Task statement →
Exclude images; transcribe the rest of the data exactly.

Supplied data →
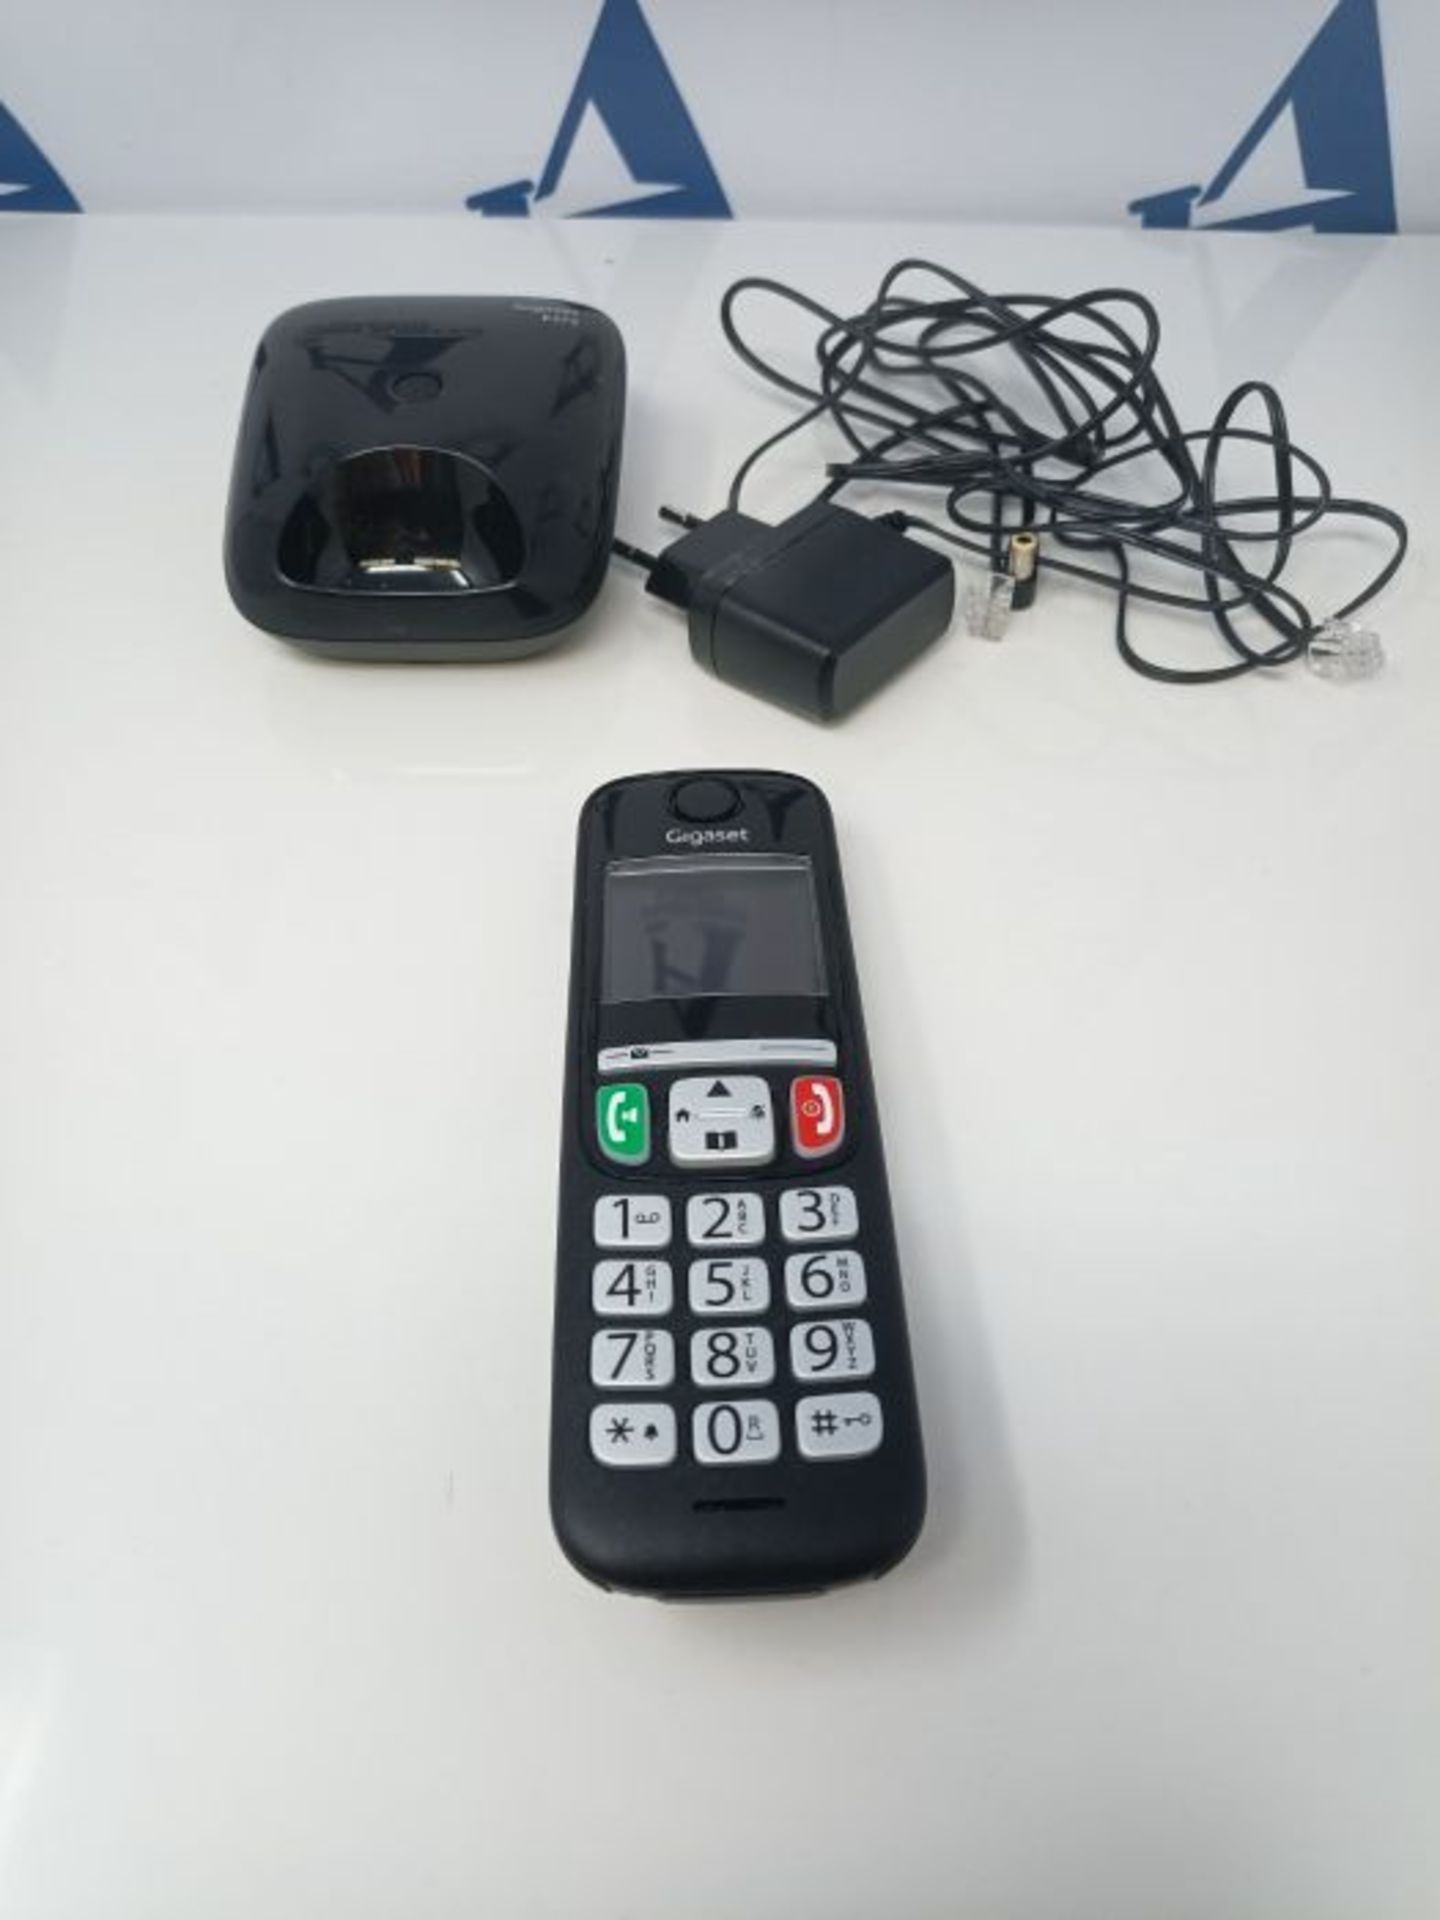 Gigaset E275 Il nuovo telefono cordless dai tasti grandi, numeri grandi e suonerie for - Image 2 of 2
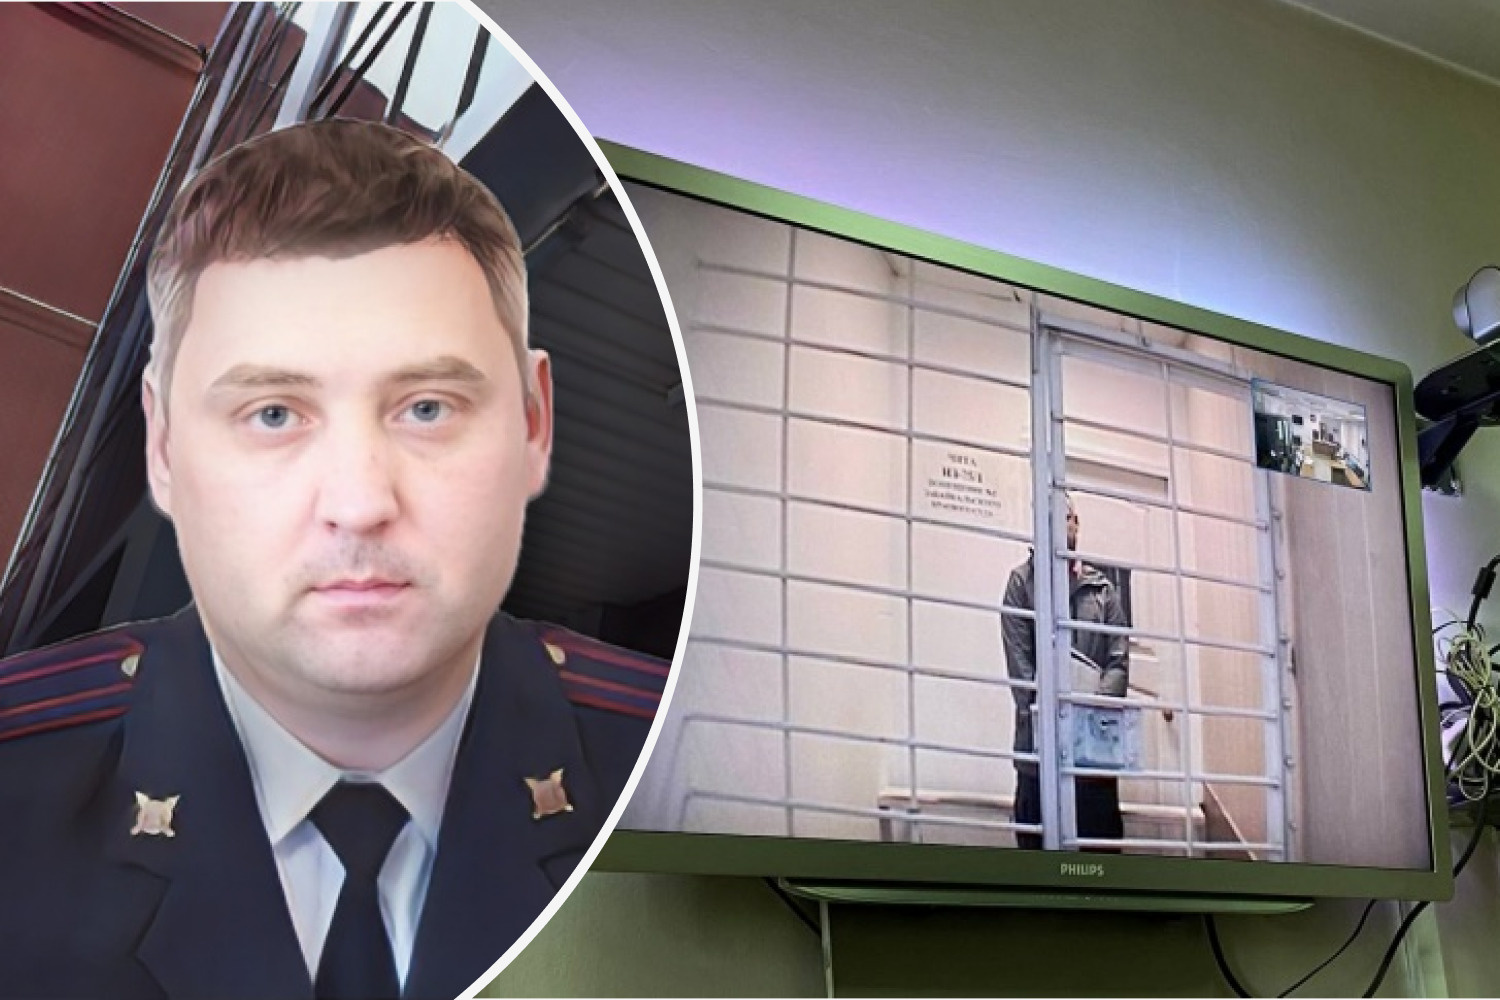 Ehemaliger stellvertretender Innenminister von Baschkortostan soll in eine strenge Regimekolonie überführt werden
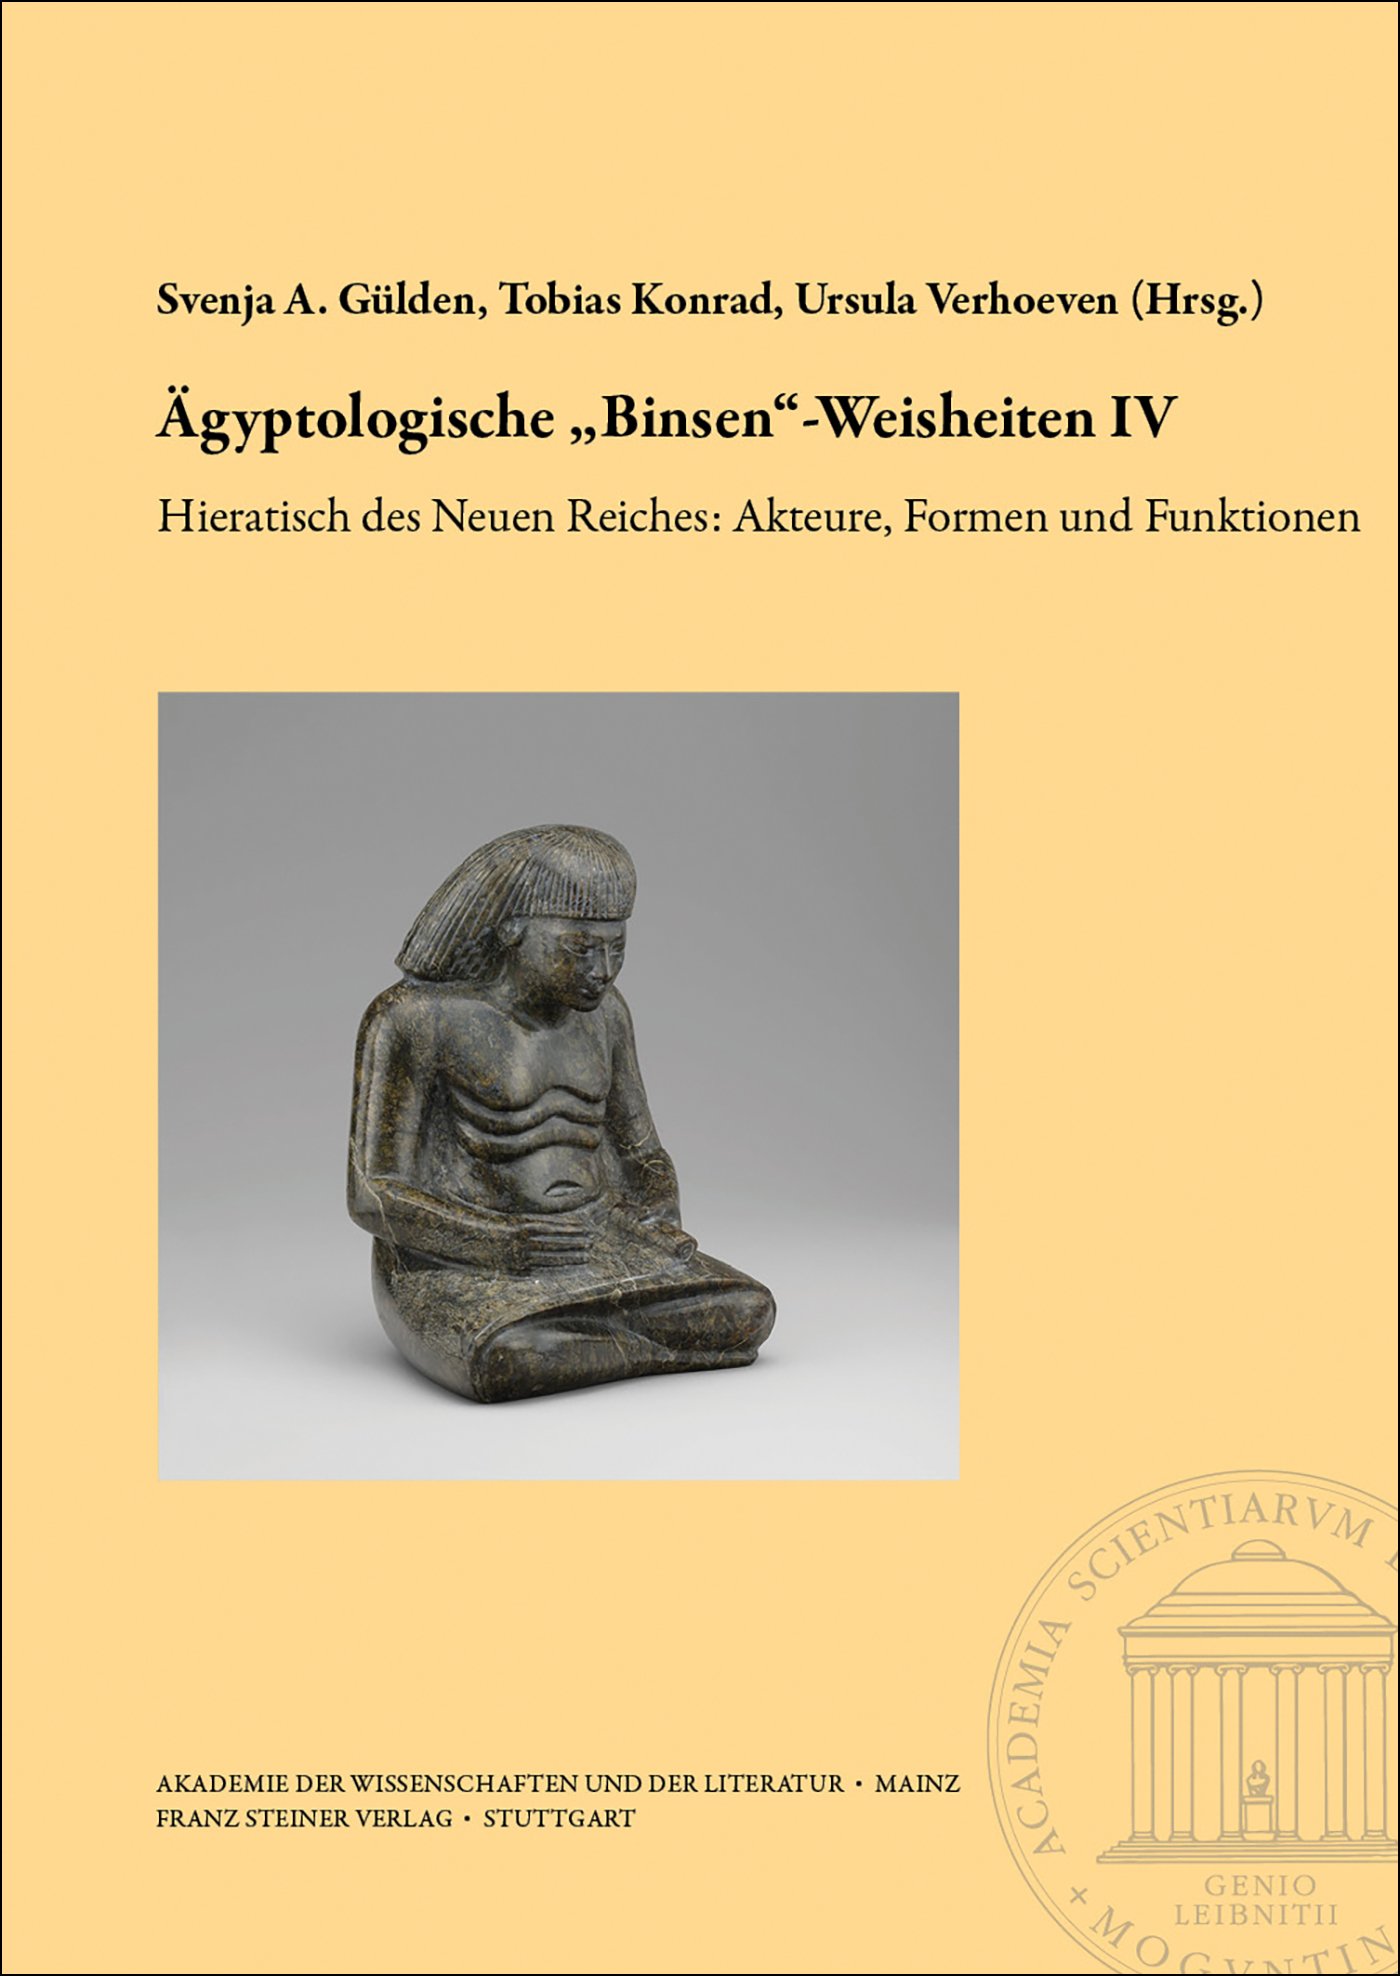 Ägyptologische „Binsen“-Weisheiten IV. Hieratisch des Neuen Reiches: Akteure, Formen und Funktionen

Answer space →
 Gigaset E275 Il nuovo telefono cordless dai tasti grandi, numeri grandi e suonerie for - Image 2 of 2
 Ehemaliger stellvertretender Innenminister von Baschkortostan soll in eine strenge Regimekolonie überführt werden
 Ägyptologische „Binsen“-Weisheiten IV. Hieratisch des Neuen Reiches: Akteure, Formen und Funktionen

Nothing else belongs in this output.